EXERCISE BRIEF: With images removed, return the whole listing exactly as written.

STORED DATA:
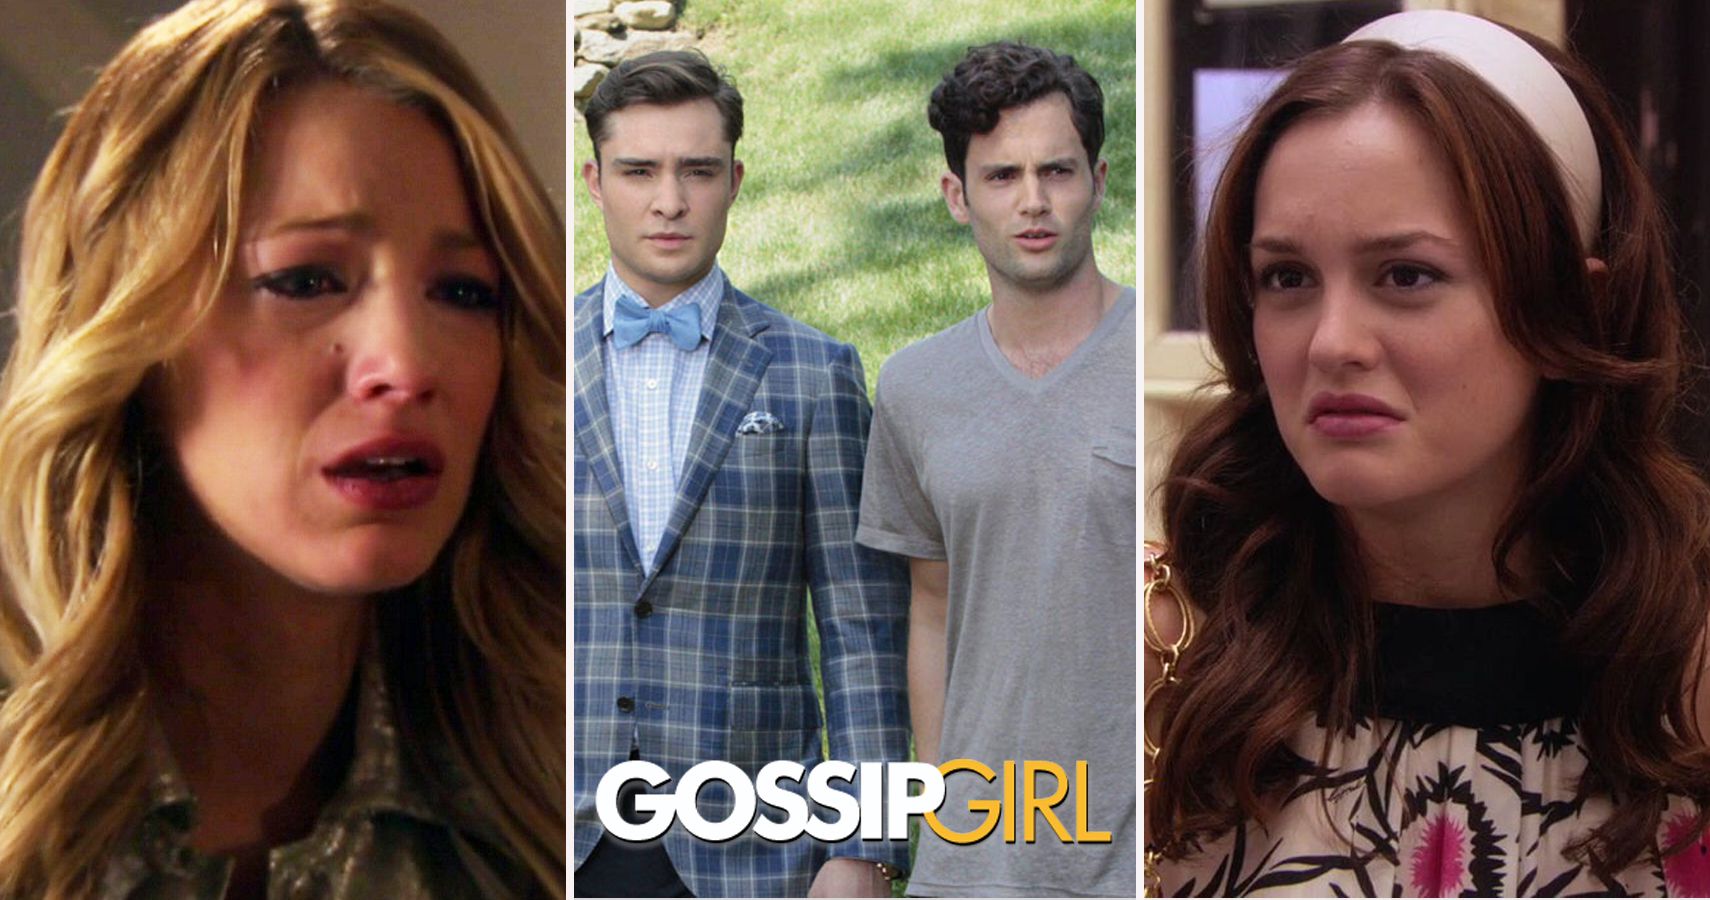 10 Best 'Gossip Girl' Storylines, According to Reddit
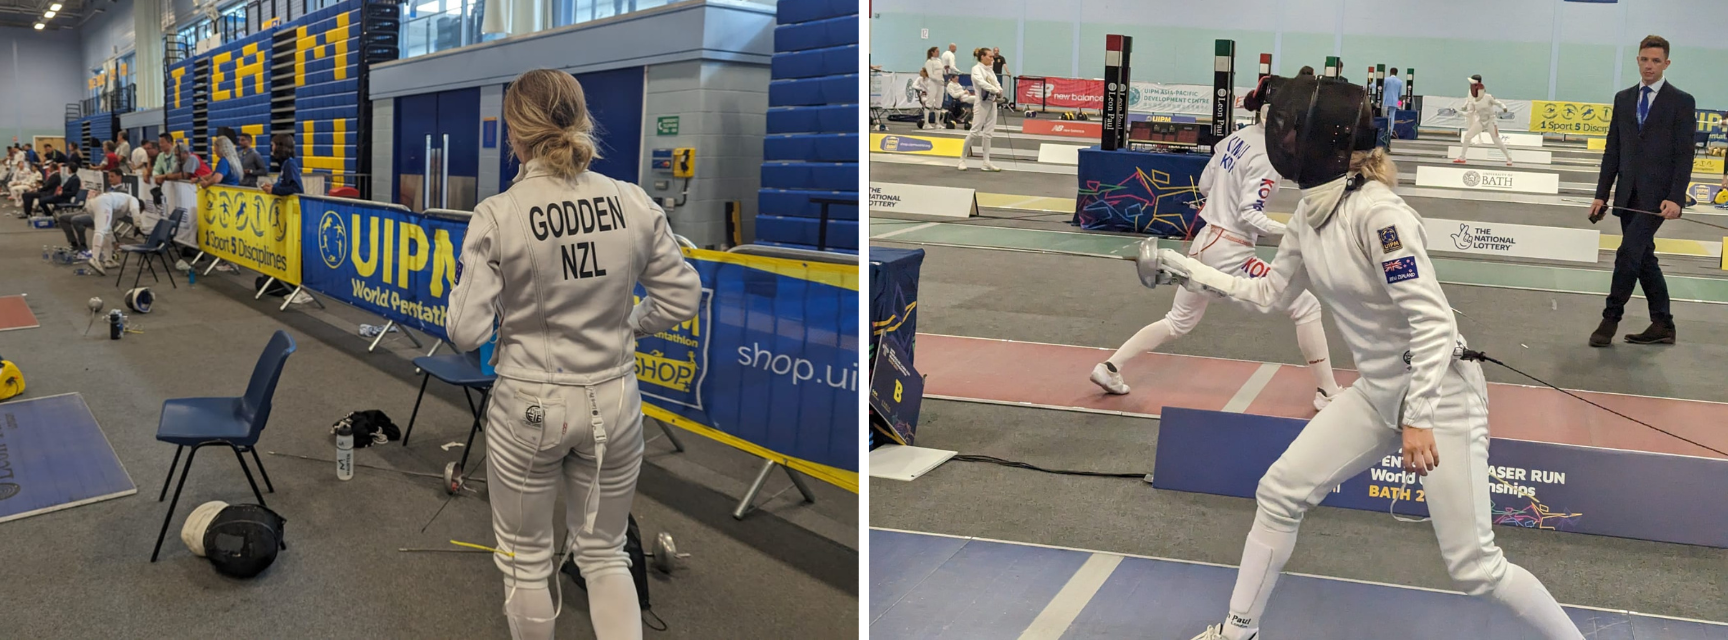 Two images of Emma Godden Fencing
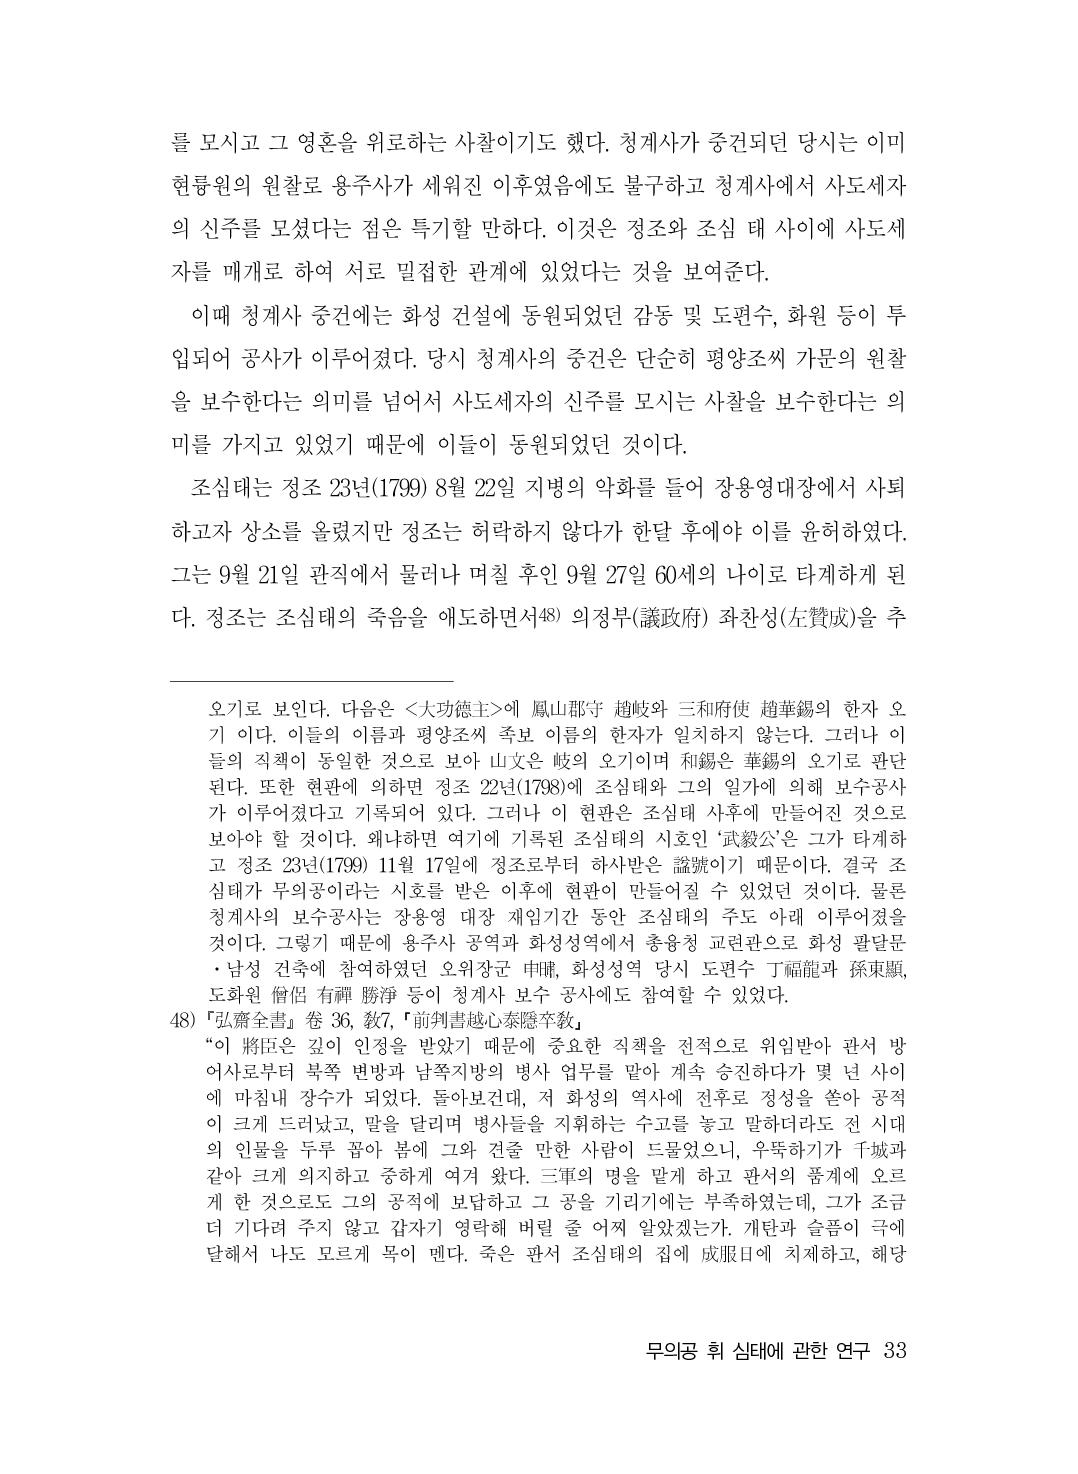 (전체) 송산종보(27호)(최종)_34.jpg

FINAL ANSWER:
 10 Best 'Gossip Girl' Storylines, According to Reddit
 Two images of Emma Godden Fencing
 (전체) 송산종보(27호)(최종)_34.jpg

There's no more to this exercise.